'The Getaway'
[There] are films that are simply lost in confusion—aimless enterprises that run on and on, sometimes with the sort of dazed looks you might expect, but often with expressions of deceptively intense purpose.
The last pretty well describes Sam Peckinpah's new film, "The Getaway."… More or less.
That qualification is necessary because if you take the characters at face value—which is what one usually does in this kind of film—then certain key decisions they make reflect on their sanity, which is otherwise unquestioned.
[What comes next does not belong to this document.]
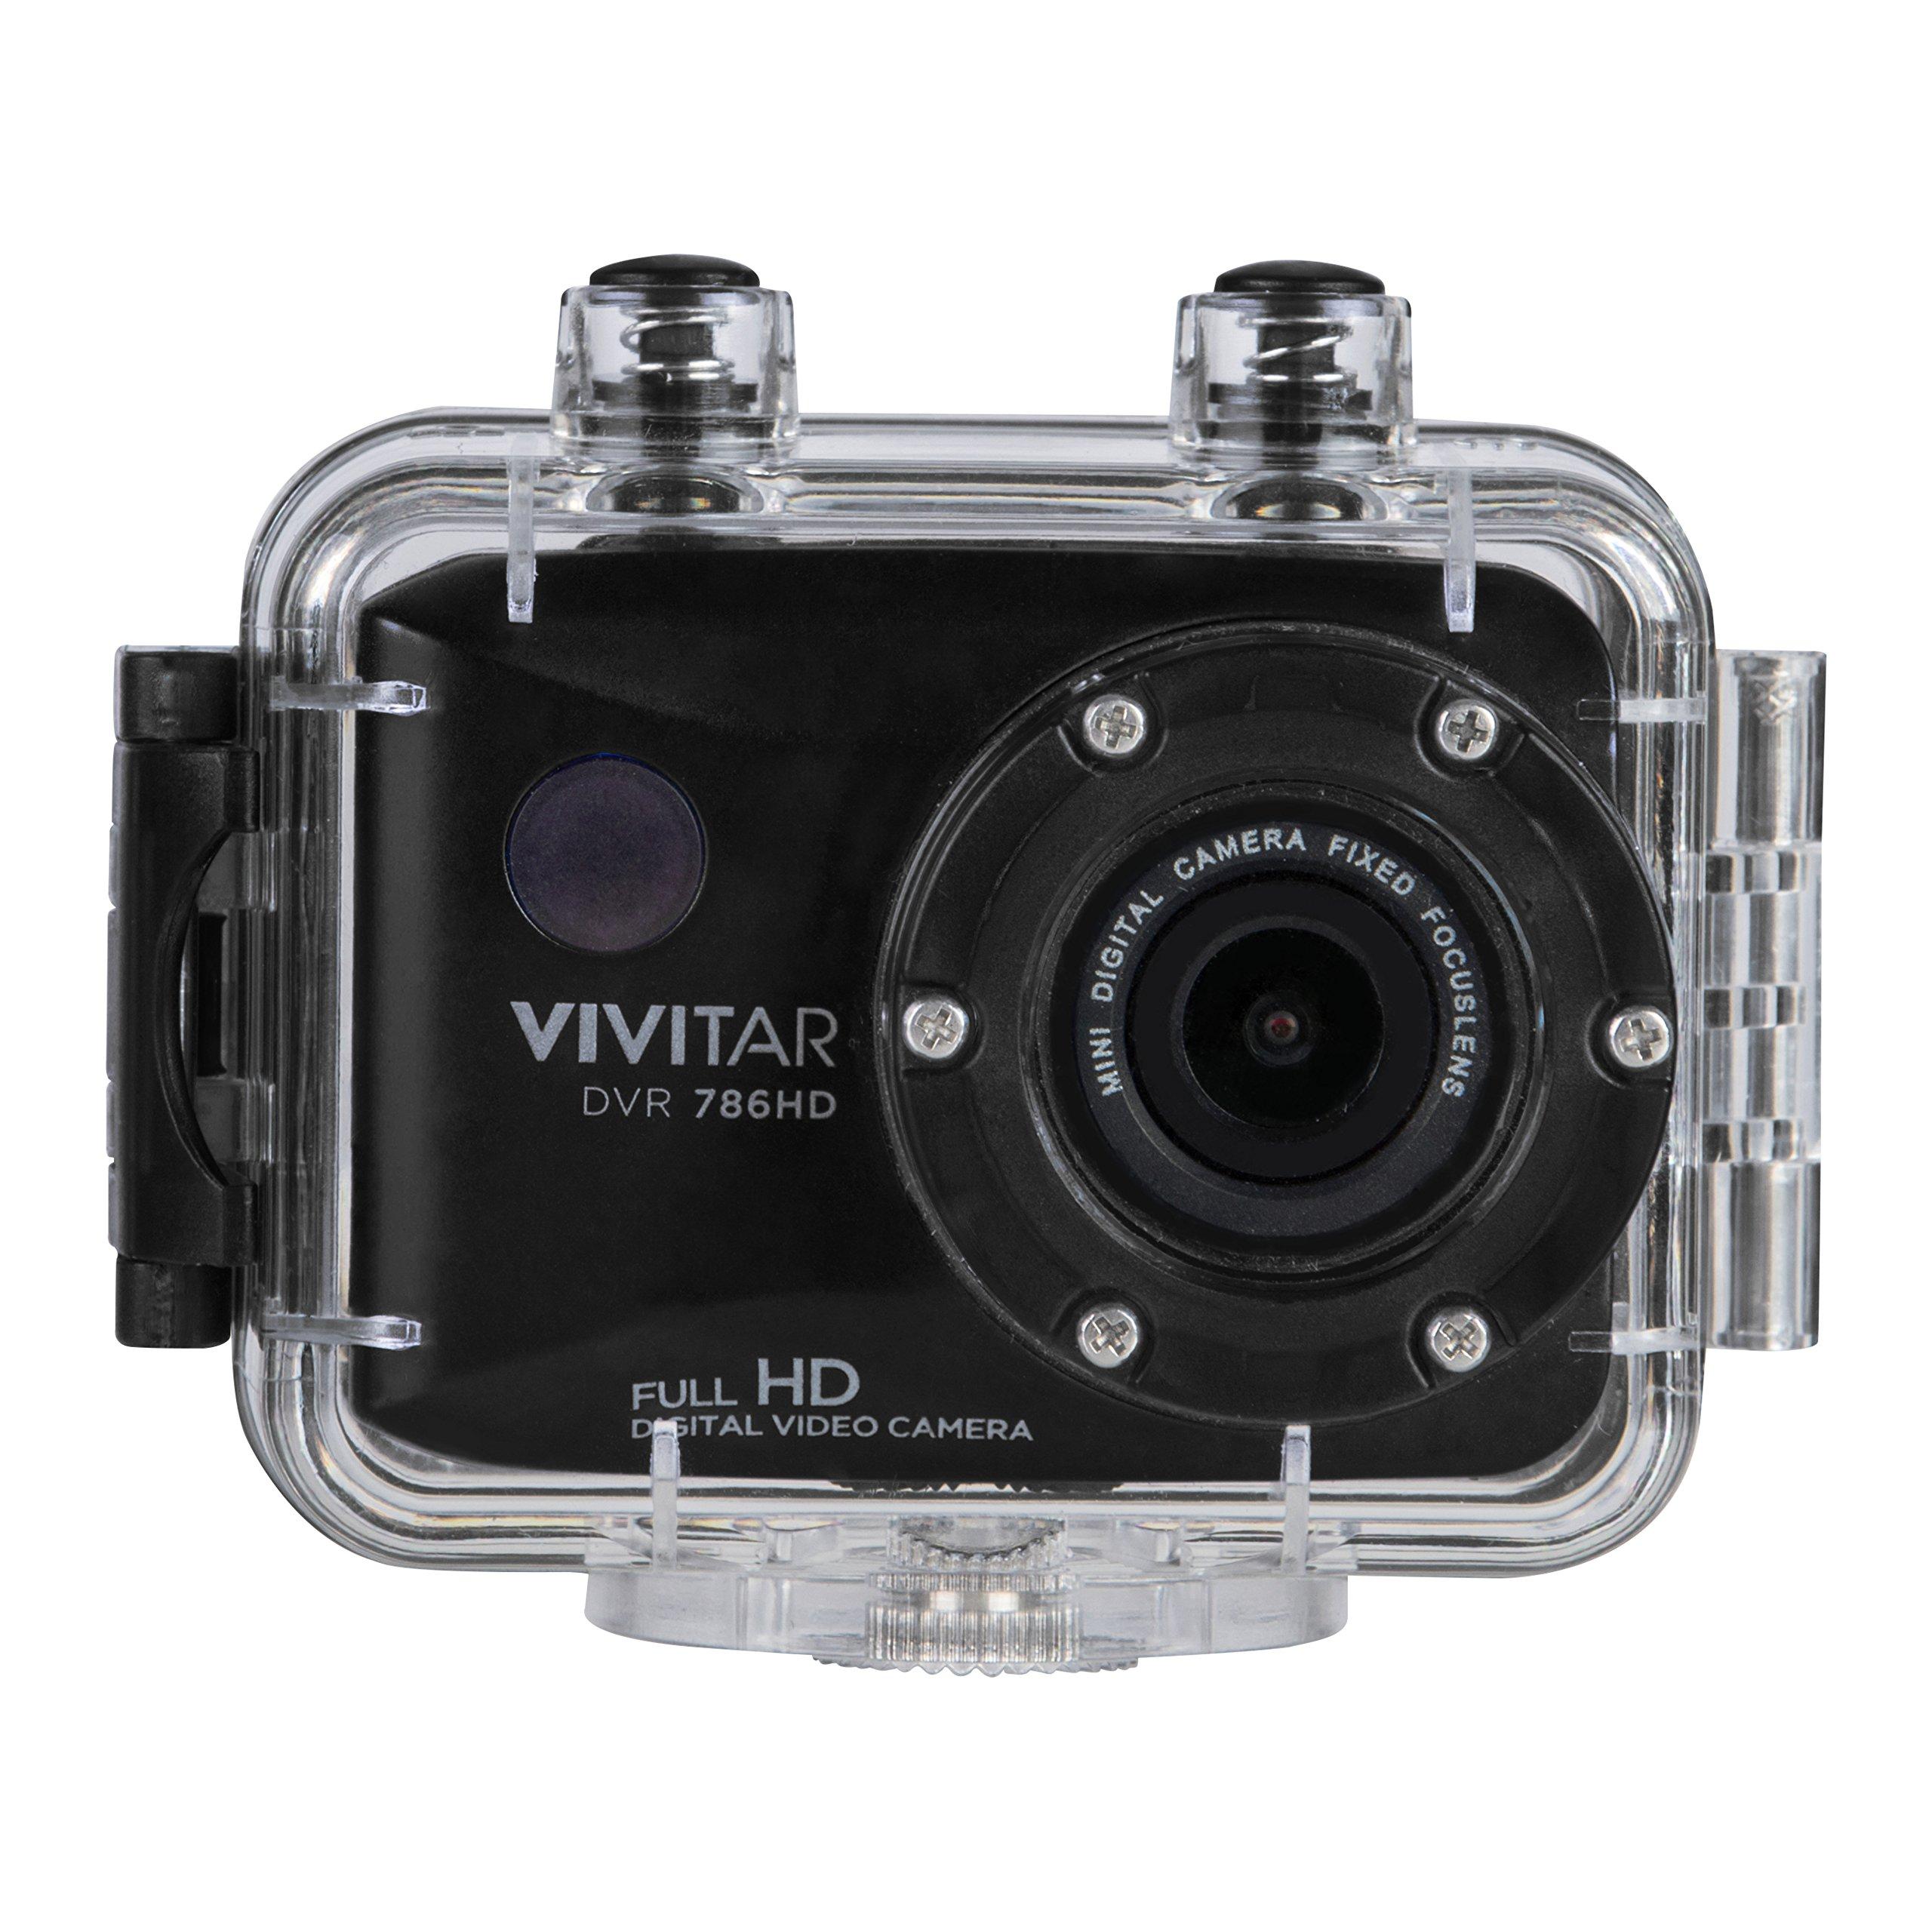 Vivitar Full HD Action Camera, DVR786HD-BLK by Vivitar

From where any critic sits, it's impossible to tell whether this confusion is the result of the writing, the direction or the editing….
For all his reputation as a director of action and violence …, Peckinpah is most effective and most eloquent when dealing with themes of love and loss, which are as apparent in the super-bloody "The Wild Bunch" as in the quieter "The Ballad of Cable Hogue" and this year's ruefully comic "Junior Bonner." The action and the violence of "The Getaway" are supported by no particular themes whatsoever. The movie just unravels.
Vincent Canby, "'The Getaway'," in The New York Times (© 1972 by The New York Times Company; reprinted by permission), December 20, 1972 (and reprinted in The New York Times Film Reviews: 1971–1972, The New York Times Company & Arno Press, 1973, p. 349).